See Database operation taking a long time

Database operation taking a long time

Investigate to see if the job is still running. The alert notification will have included a link to logit which includes the Kubernetes pod name. You can see if that pod is still running.

If the pod is still running

If the pod is still running you will need to investigate why the operation (backup, transform, restore) is taking so long. You can look at the “Durations over time” graph in the Grafana dashboard to see if this has been a gradual trend, which might indicate normal growth of the database. If it appears to be natural growrth you can increase the allowed time by moving the database into a slower category.

You could also speak to the team responsible for the application that uses the database.

If the pod is no longer running

It is possible for the pod to be terminated in such a way it cannot send the terminal (failed, succeeded) metric. In these instances you will need to decide whether to launch a new sync operation.

Database backup/restore not completed

This alert will trigger if a database which is backed up or restored daily did not successfully complete a backup/restore operation within the last 25 hours.

This can be because:

  • The backup script has failed - It is likely you will have received an additional alert for Database backup and sync operation failed, in which case investigate it as such.
  • The Kubernetes CronJob has been suspended - In this case you should either unsuspend the CronJob, or alert the alert expression to exclude the specific database or database instance.
  • The Kuberentes CronJob is failing to successfully launch a Job - In this case you will need to investigate why the Job cannot start successfully. You should be able to see them in ArgoCD in the db-backup Application.
  • The backup script is failing to execute before it can send any metric - You should look at the logs in logit (the alert will have included a link to the pods logs in logit), and if there aren’t any then look at the job in ArgoCD to see why it is failing to execute.

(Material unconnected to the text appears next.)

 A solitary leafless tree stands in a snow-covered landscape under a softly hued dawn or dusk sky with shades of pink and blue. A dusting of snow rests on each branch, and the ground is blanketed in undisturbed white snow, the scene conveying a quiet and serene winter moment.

Database backup/restore not completed - Weekly backups

This alert will trigger if a database which is backed up or restored weekly did not successfully complete a backup/restore operation within the last 1 week and 12 hours.

Investigate this by following Database backup/restore not completed.

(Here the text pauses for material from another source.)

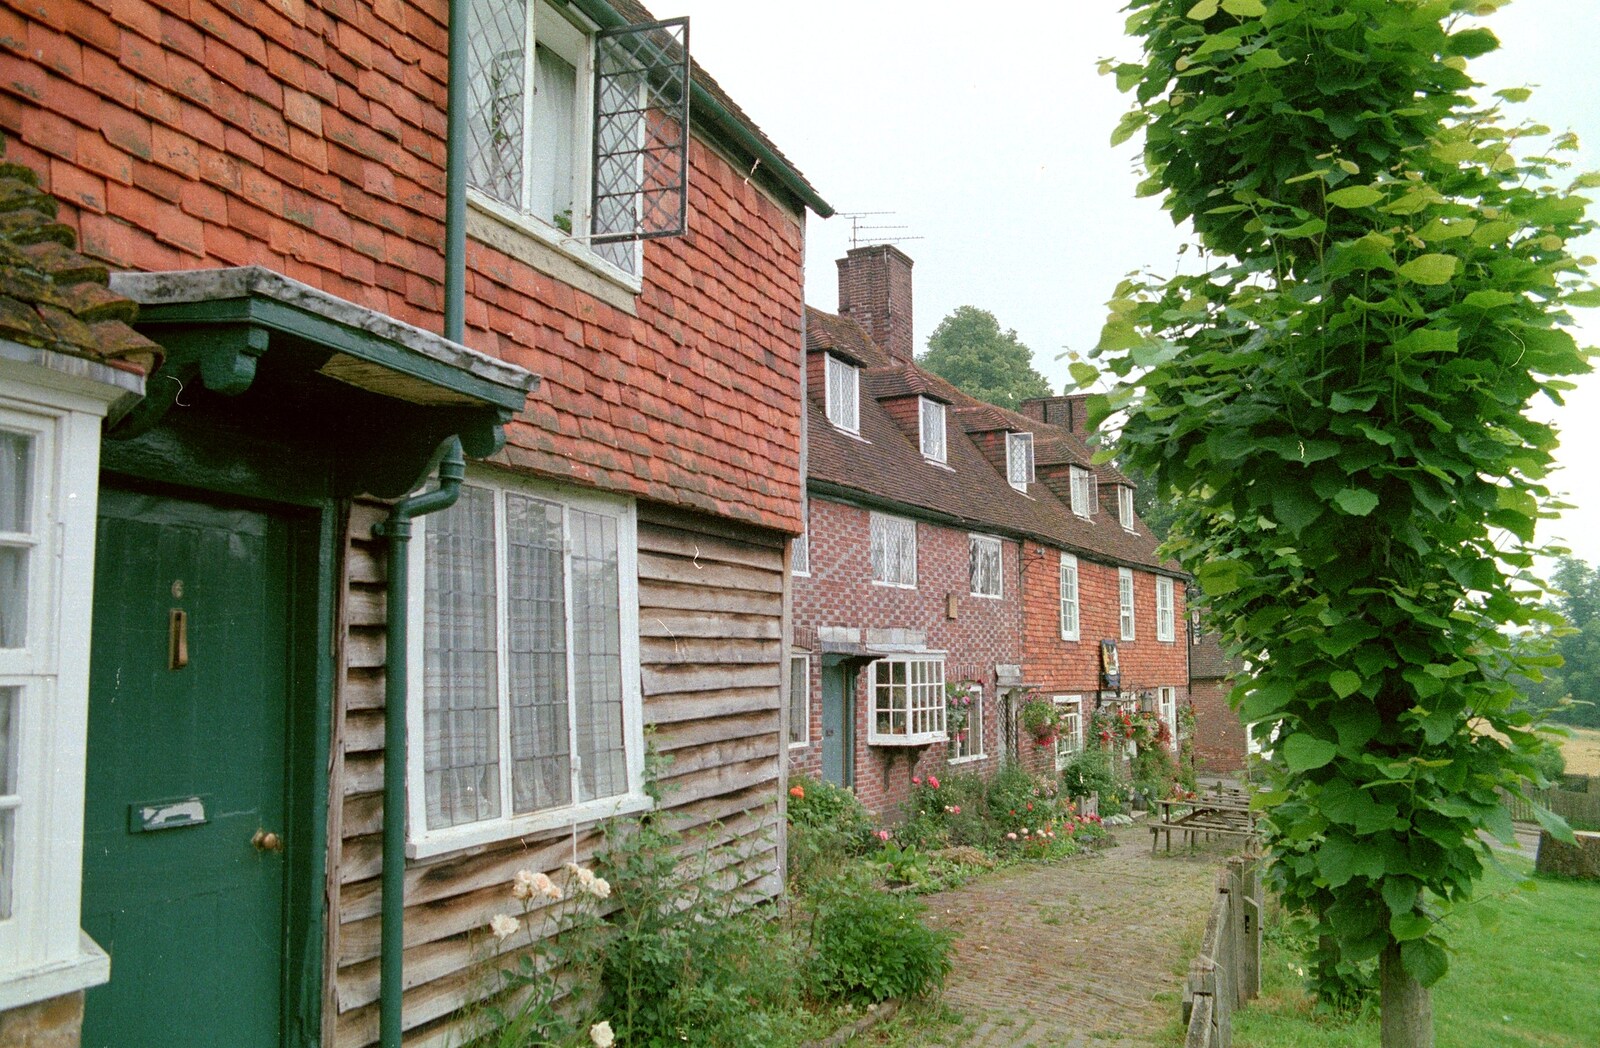 Cute Kent cottages from A Trip to Groombridge, Kent - 10th July 1986

Database backup/restore not completed - Weekday backups

This alert will trigger on Tuesday to Saturday if a database which is backed up or restored on weekdays only did not successfully complete a backup/restore operation within the last 25 hours.

Investigate this by following Database backup/restore not completed.

Database backup/restore not completed - Sunday to Thursday backups

This alert will trigger on Monday to Friday if a database which is backed up or restored on Sundays to Thursdays only did not successfully complete a backup/restore operation within the last 25 hours.

Investigate this by following Database backup/restore not completed.

Whether to launch a new sync operation

First and foremost you should speak to the team which is responsible for the application that uses that database instance. They can decide whether to launch a new sync.

You should consider how long it is likely to take, you can see how long it usually takes by looking at the Durations over time graphs on the Grafana dashboard.

If you launch a new sync:

  • in production it will only create a new backup file, this may put extra load on the RDS instance but won’t have any other side effects.
  • in staging and integration it will restore the most recent backup from the higher environment, this may wipe out changes which the developers are testing
  • For MySQL databases in staging and integration it will make their database unavailable for the entire time of the restore (but not any transformation or backup).